Thursday, February 18, 2010

India Shining, the Sequel: can a new slogan save us?


Nandan M. Nilekani, noted Indian IT business man and Chairman of the Unique Identification Authority of India, has determined that we need new new slogans for the new century. The old ones like bijli, sadak, pani (power, roads and water)  and roti, kapada, makaan (food, clothing, shelter) are out of date, he says.

"We have gone from … physical things to abstract things (UID number, bank account, mobile phone)," says Nilekani in remarks that have been widely published this week.  "If we can get everyone to have UID number, if we can get everyone to have bank account and if we can get everyone to have mobile phone, then we are giving them tools of opportunity. With that, they can access services, benefits and their rights."

Don’t get me wrong; new technology and new ways of doing things, can have a real impact in the real world.  Increased access to bank accounts and micro-credit programs is making a difference in many areas.  Some markets, especially those dealing with perishable goods, are operating more efficiently in recent years thanks to mobile phones--there's nothing "abstract" about a reduction in rotting fish, or the increase in income generated when the fellow selling the fish finds his way straight to a village that wants to buy it.  And in a country with so much migrant labour, who can deny the importance of being able to speak with far-away loved ones?  (As for the many advantages of the UID number, someone else will have to explain those to you--I surely can't.)

But when you get right down to it, we can’t change reality by introducing new slogans--even really catchy ones like "UID number, bank account, mobile phone!" And does it really make sense to say our old slogans are out of date? Talk to a Bihari taxi driver about this: sure, he may show off his mobile phone; but more likely than not he’ll also tell you his family in the village gets power for only a few hours a day.  And water? Can we really say it is “passé” to demand clean water in a country where 1250 people die every day from diarrhea?

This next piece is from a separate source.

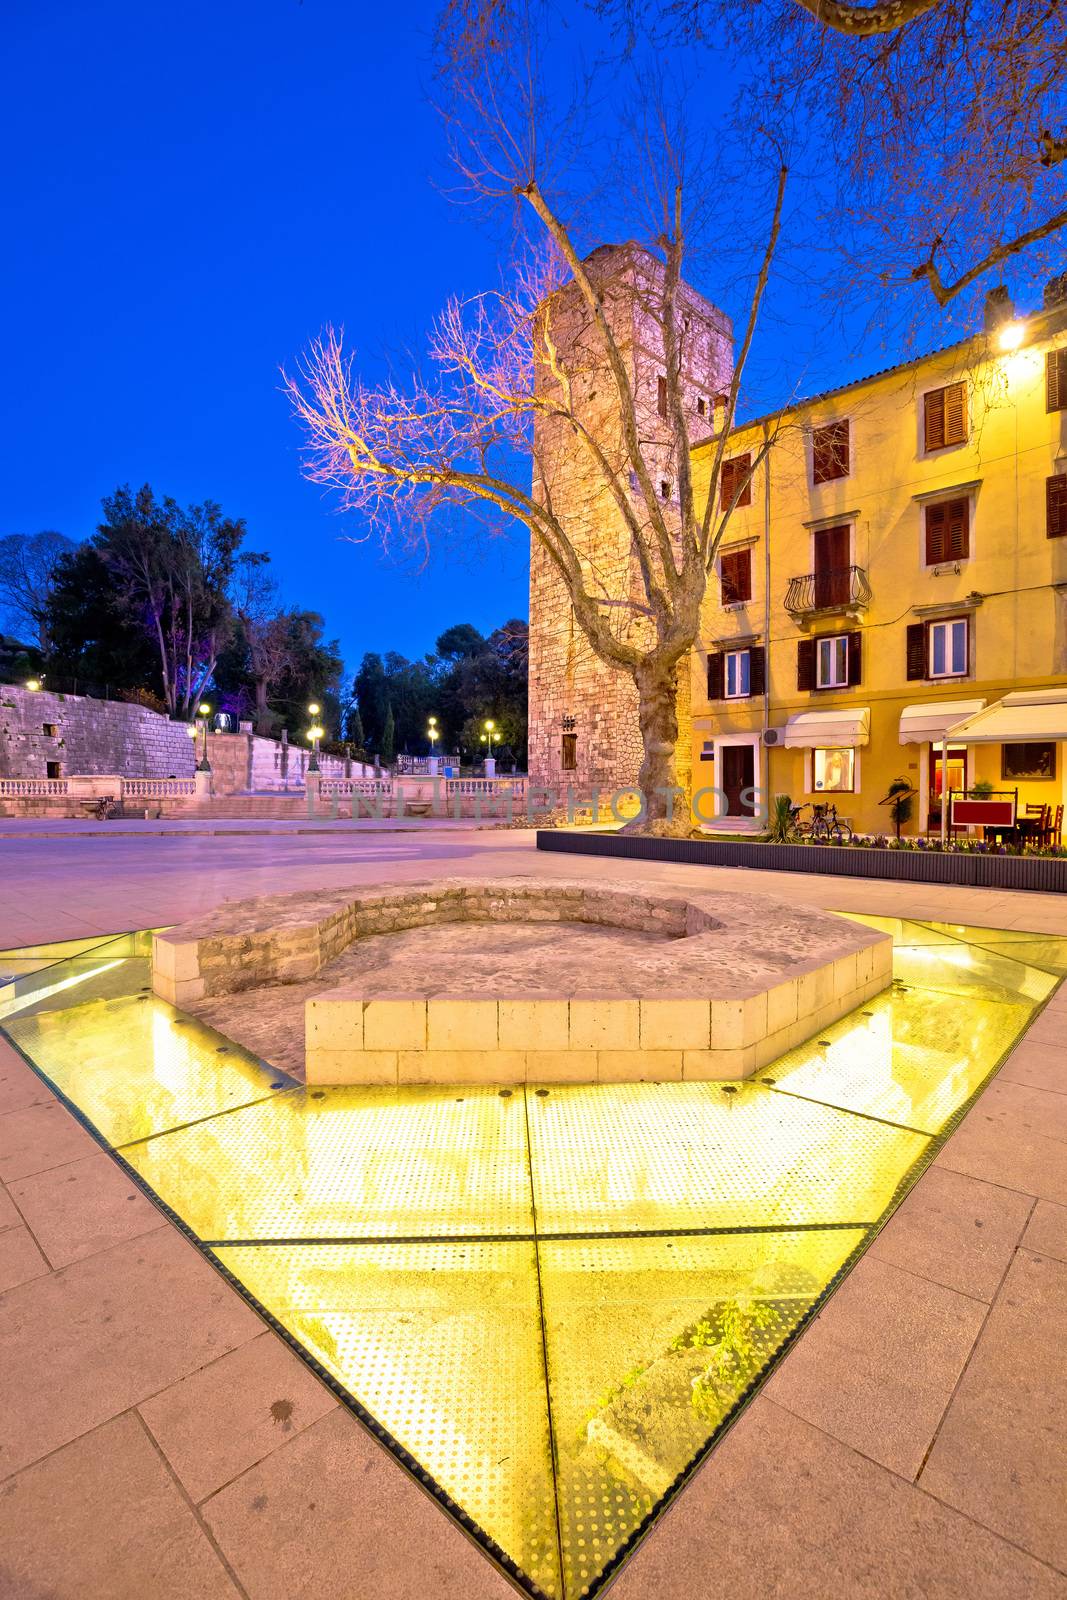 Town of Zadar five wells square evening view by xbrchx

Nilekani’s remarks reminded me of a piece that ran  this Sunday in The Hindu.  In it, Sevanti Ninan praised a recent cover story in India Today
In the same week that Binayak Sen talked on television about famine and genocide, India Today came out with a cover story whose cover photo was designed to cock a snook at nay-sayers. Composed like an ad for a mobile phone company, it had turbaned rural gentry with mobiles to their ears, riding in a roofless red limousine against a backdrop of lush green fields. The story's opening sentences proclaimed that “islands of poverty still exist but most of rural India is transformed beyond imagination thanks to a host of factors.” I can almost hear all those human rights activists who regularly post grim stories on Internet mailing lists gag. Whatever happened to the earlier stock stories of farmers' suicides, and the current ones about why Maoists are spreading their tentacles everywhere?
Ninan goes on to address the fact that seventy seven per cent of Indians live on under Rs. 20 a day:
This 77 per cent figure has become a favourite statistic (a variation of it says 77 per cent of India lives below the poverty line) but surely it caricatures even inequity when the discussion does not go beyond that?
Of course it is true that the discussion of this statistic needs to go deeper than it typically does.  And I think it is terribly important to discuss things that are working as well as things that are not; we can learn from our successes as well as from our mistakes.   To be fair, there are places where the India Today piece does a nice job of this.  For instance, they highlight some of the areas where micro-finance programs and the National Rural Employment Guarantee (NREG) scheme are working wonders.

But in being so selective in the kinds of trees it looks at, India Today misses some important things about the forest.  For example, although it concedes that, “The single biggest reason for the kind of money visible in rural India is the skyrocketing price of land,” it does not ask the next obvious question: what does this means for those who have no land?  That’s just one example, but it’s indicative of a larger pattern.

The real problem in this piece is not the positive examples it offers; it is the fact that it urges us, right from its very first sentence, to do something unconscionable: “Forget those images of ravaged villagers, kids with distended bellies and ragged clothes and a future as grim as the cracked, sun-baked earth.”

It would be one thing if those images were just... images.  The problem is, those images are part of the reality lived by millions of rural Indians every day--how can we forget them?  Yes, statistics like 77% of the population living on less than Rs 20 a day and 2,00,000 farmer suicides in 12 years are blunt and depressing.  Far nicer to see photos of farmers in front of Land Rovers and computers.

I’m all for thinking positive.  But as we discussed last week, the ways in which we frame the stories we tell matters. I agree that a variety of perspectives, a variety of frames, is the only way we can hope to understand the complex world we live in…but when someone tries to sell me a frame that hides 77% of the picture, I think it’s time to visit another frame shop.